U.S. Halts Pilot Program in New York to Detect Biological Attacks

Posted by NY Politics on May 7th, 2009 and filed under Issues, Security. You can follow any responses to this entry through the RSS 2.0. You can leave a response or trackback to this entry

The Department of Homeland Security is dismantling a next-generation biological attack warning system in New York City subways because of technical problems, U.S. officials said.

Robert Hooks, a deputy assistant secretary, said the department no longer believes it is necessary to expand the pilot program, as he told Congress in July, because of resource and technology limits. Hooks said a long-planned alternative sensor system, set for initial deployment late next year, also will not be available nationwide until 2012, to allow for more testing.

The deactivation of the pilot program in late March marks a setback in U.S. efforts to detect biological weapons, and its disclosure comes as the Obama administration is unveiling new security priorities as part of its 2010 budget today.

The federal government installed air samplers in more than 30 U.S. cities in 2003 to detect the release of potential bioweapons such as anthrax spores, plague bacteria and smallpox viruses. The BioWatch program, which cost about $500 million, was meant to speed up the response before disease could spread.

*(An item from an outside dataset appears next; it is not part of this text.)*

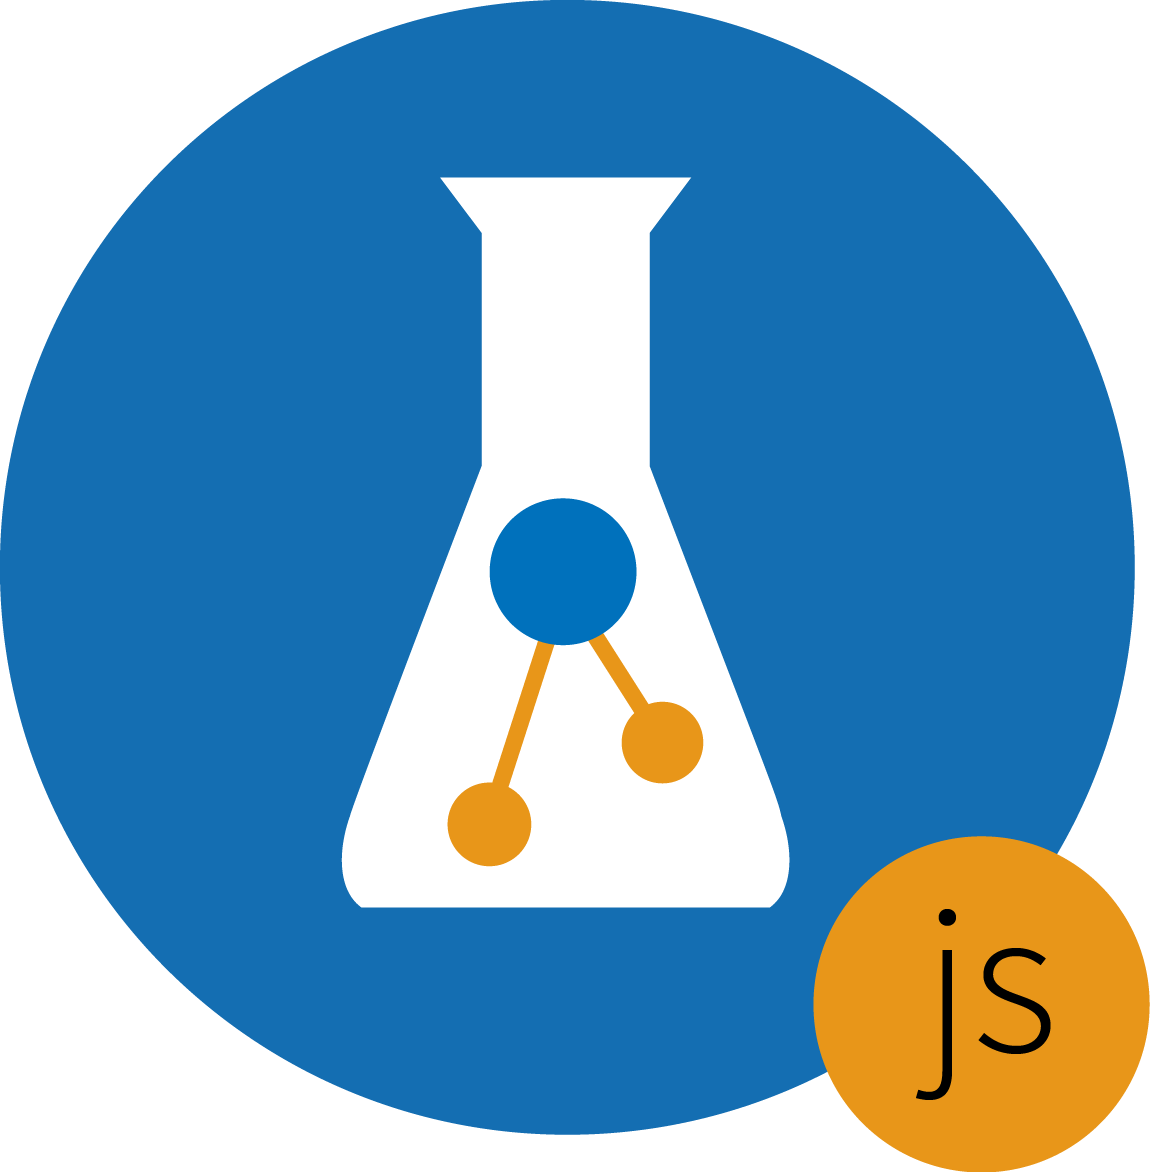 GitHub - alancnet/little-alchemy: JavaScript version of Little Alchemy

Critics said older samplers are of limited use, however, because they rely on air filters that must be manually collected and evaluated by a laboratory, taking as much as 30 hours. New York City activated newer sensors in late 2007 that can automatically sniff the air hourly for as many as 100 harmful species and transmit results immediately.

In the past three or four months, however, officials noticed that an instrument designed to detect a particular agent in several of the Autonomous Pathogen Detection System sensors began malfunctioning, Hooks said. The department’s science and technology directorate is working with an independent assessor and the sensors’ maker, the Lawrence Livermore National Laboratory, to troubleshoot the problem, he said.